Just now we are being exhorted by a man on top of an orange crate. I recognize him, curiously enough; he is the barber from Christadoro's, at the Astor House. Normally a good-humored man, like all barbers, pleasant and amenable to whatever views on life or politics or women his customers like to spout as he guides a razor across their throats.

Now he dances atop his orange crate, still in his barber's apron and his gartered sleeves, leading the crowd in three wild cheers for
General McClellan, and for the
The Caucasian,
the banned Copperhead paper.

“And now three groans for the damned
Tribune,
and the damned
Times,
and that goddamned Greeley! The old White Coat what thinks a nigger's as good as a white man!” he sputters furiously, thrusting his straight razor to the sky.

The men before him laugh, and cheer, and give three low, menacing groans on cue. Only in New York—a mob led by a revolutionary barber.

Yet for all their bloodlust it is still a holiday for the crowd—a bit of hookey from their jobs, with little real malice beneath their schoolboy cheers and moans. I take up a spot on the periphery of the mob and stop to listen for a while, but soon this tonsorial rhetoric causes my mind to wander. I become distracted, staring out through the iron bars of the park at the rest of the City, at the passing scene of the City that always fascinates me, as long as I can watch it from a distance.

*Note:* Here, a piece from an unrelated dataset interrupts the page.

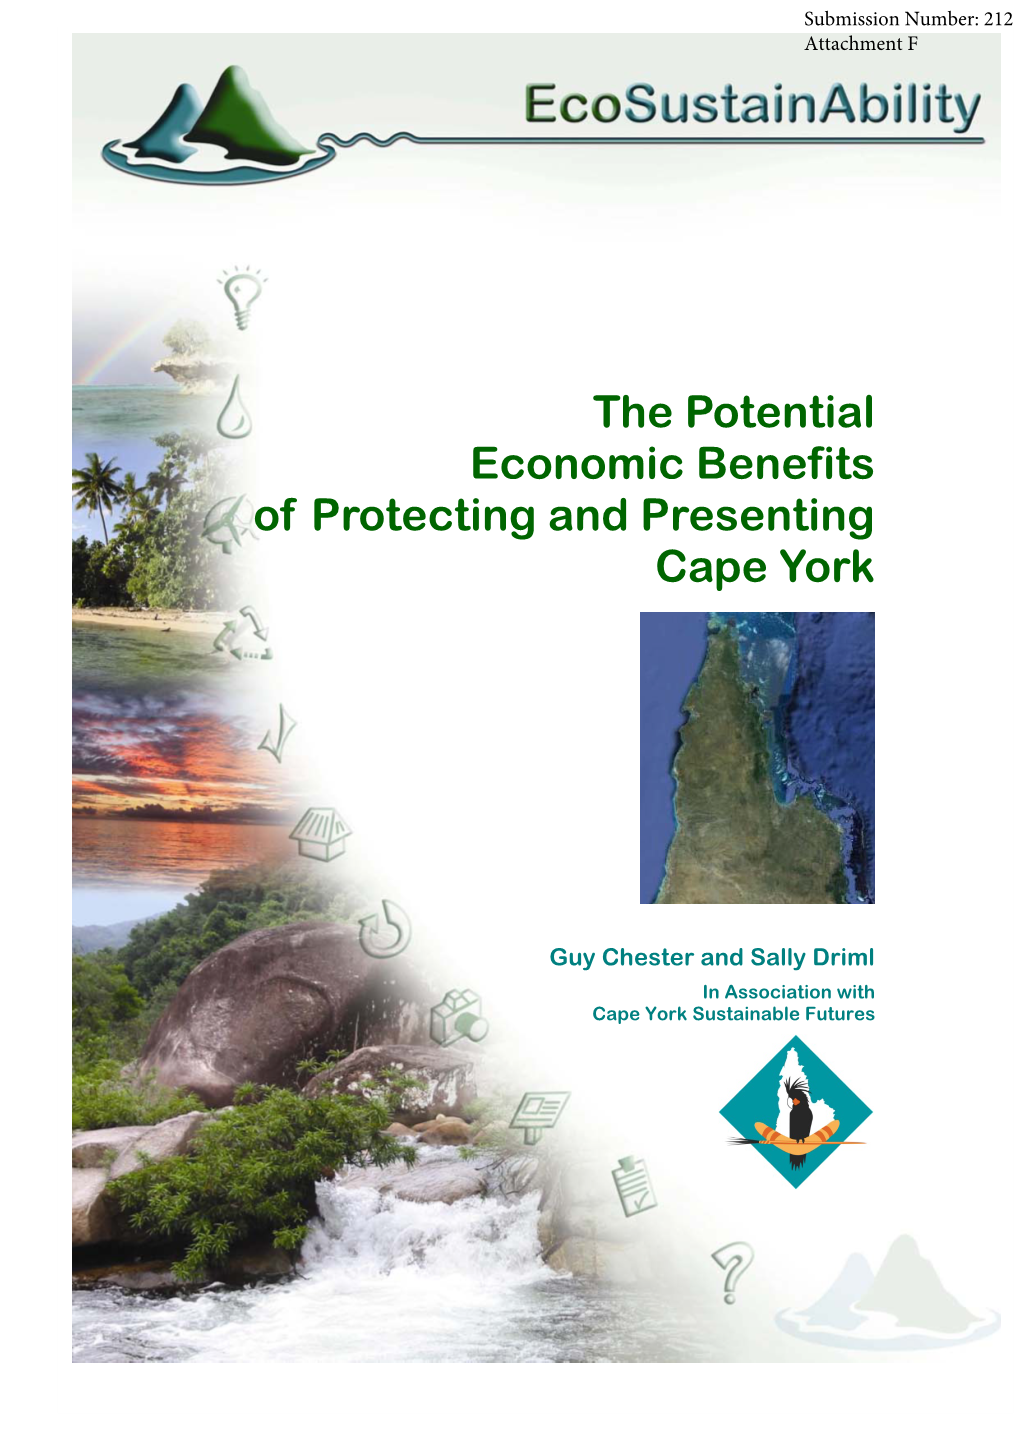 The Potential Economic Benefits of Protecting and Presenting Cape York

Everything still appears to be normal there. Swaths of gold and magenta shimmer along the dollar side of Broadway. The ladies trundle between the milliner's and the department stores—as they have for the last two years—shining in their plumed Imperial bonnets. Moiré dresses ripple in emerald and amber waves. At the corners they use the hidden strings of Madam Demorest's dress elevators to lift their hoop skirts, and glide over the unspeakable filth and the pigs in the gutters like so many balloons.

If, that is, one can really call them ladies. These days the shoddy aristocracy and the old gentility are all but indistinguishable. We mint millionaires faster than shinplaster money. Men make fortunes in a month, selling the government saddles without stirrups, rifles without barrels, uniforms that are no more than rags glued hastily together, likely to fall to pieces in the first hard rain. They throng Delmonico's latest restaurant to wolf down French partridges—though they still balance peas along their knives and blow their noses in their fingers.